Tuesday, August 23, 2005

what is the unchanging principle? by j. barrington bates

Elsewhere in his text, Chauvet asserts a definition of another component of the eucharistie liturgy, Scripture. he proposes an innovative definition of Scripture, saying it includes "not only the Scriptures themselves, but . . . everything pertaining to the understanding of revelation: basic catechetical instruction and the present-day propositions concerning the on-going formation of Christians, as well as the corpus of patristic, medieval, and contemporary theologies."21 He goes so far as to claim texts which the Bible retains have survived because of their use in the liturgy,22 thus rejecting the notion that liturgy survives primarily as a means of proclaiming that same Scripture. The norm, he says, "is thus not the Book alone, but the Book in the hand of the community. The Church thus represents the impossibility of sola scriptura."23 In other words, Chauvet posits that Scripture is much more than words, that it cannot be understood, received, or apprehended as a text alone, and that the congregation serves in an integral way as the context for proclamation-without which Scripture simply would not be Scripture. Working from a framework of identity, Chauvet holds that the combination of gathered assembly and received tradition serves to endow the printed word with its particular character as the Word of God.
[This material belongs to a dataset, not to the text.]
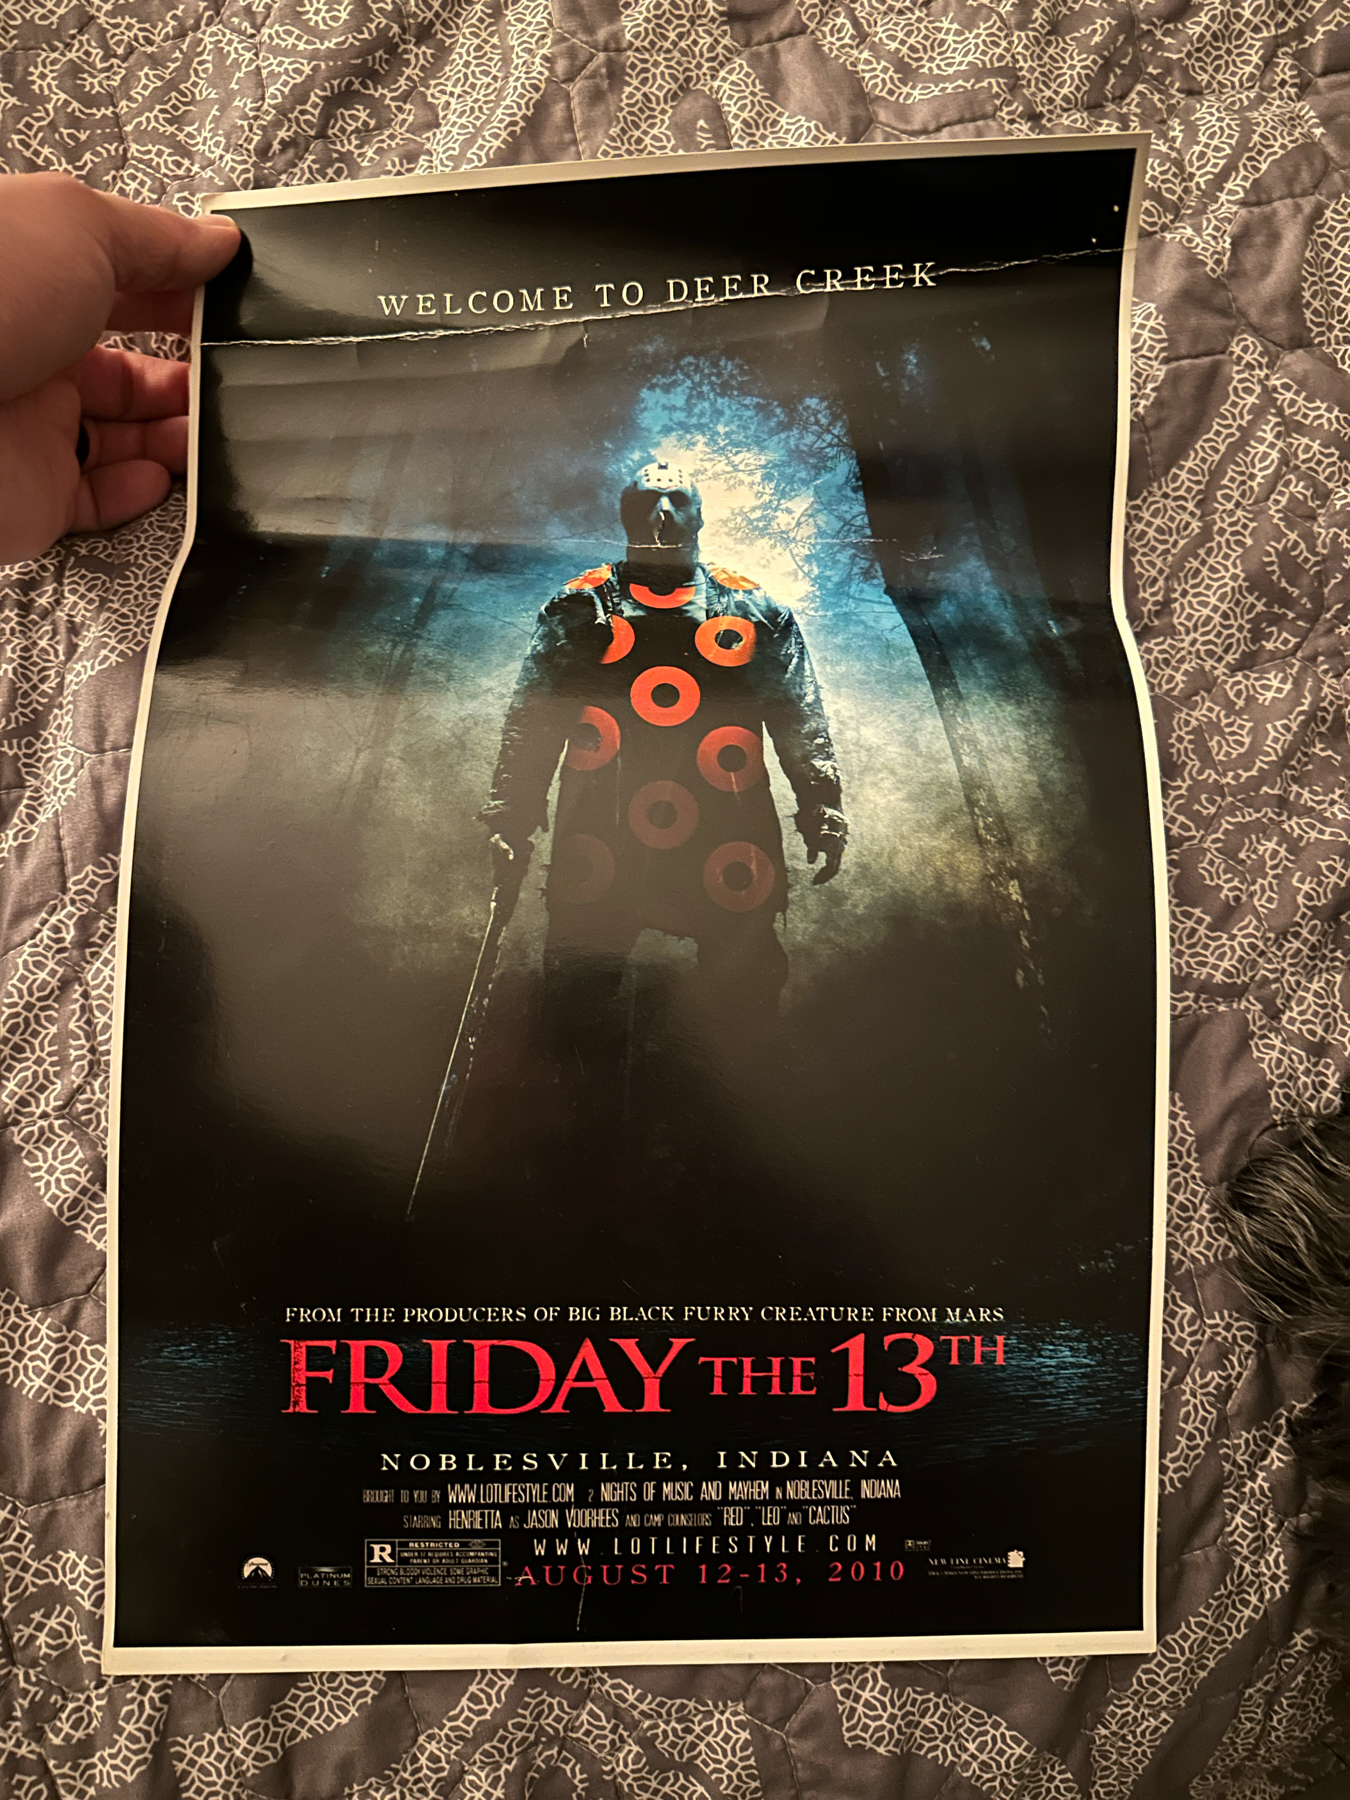 A poster for an event titled “Welcome to Deer Creek,” mimicking a “Friday the 13th” horror movie theme, featuring a person in the center dressed as the iconic character Jason Voorhees standing in a misty, wooded area.

Read the whole thing here. Sola Scriptura is certainly problematical. And I think many of Anglicanism's current woes have their roots in a Communion-wide exegetical deficiency which, in turn, has its roots in a Communion-wide ecclesiological deficiency. Not that our Church is deficient, nor that our exegetical praxis is (necessarily) deficient, but rather that our Church has deficiently defined both; and the one
because of the other.

Moreover, I have sometimes said that one thing the Anglican Communion lacks -- and it in turn is a manifestation of the unity we lack -- is a panAnglican Eucharistic rite: a rite that is authorized for use anywhere in the Communion. I would propose that such a rite be the 1662 BCP rite. It is, after all, the sort of Mother Rite, the Rite from which all of the myriad Anglican and quasi-Anglican rites sprang. But what do I know?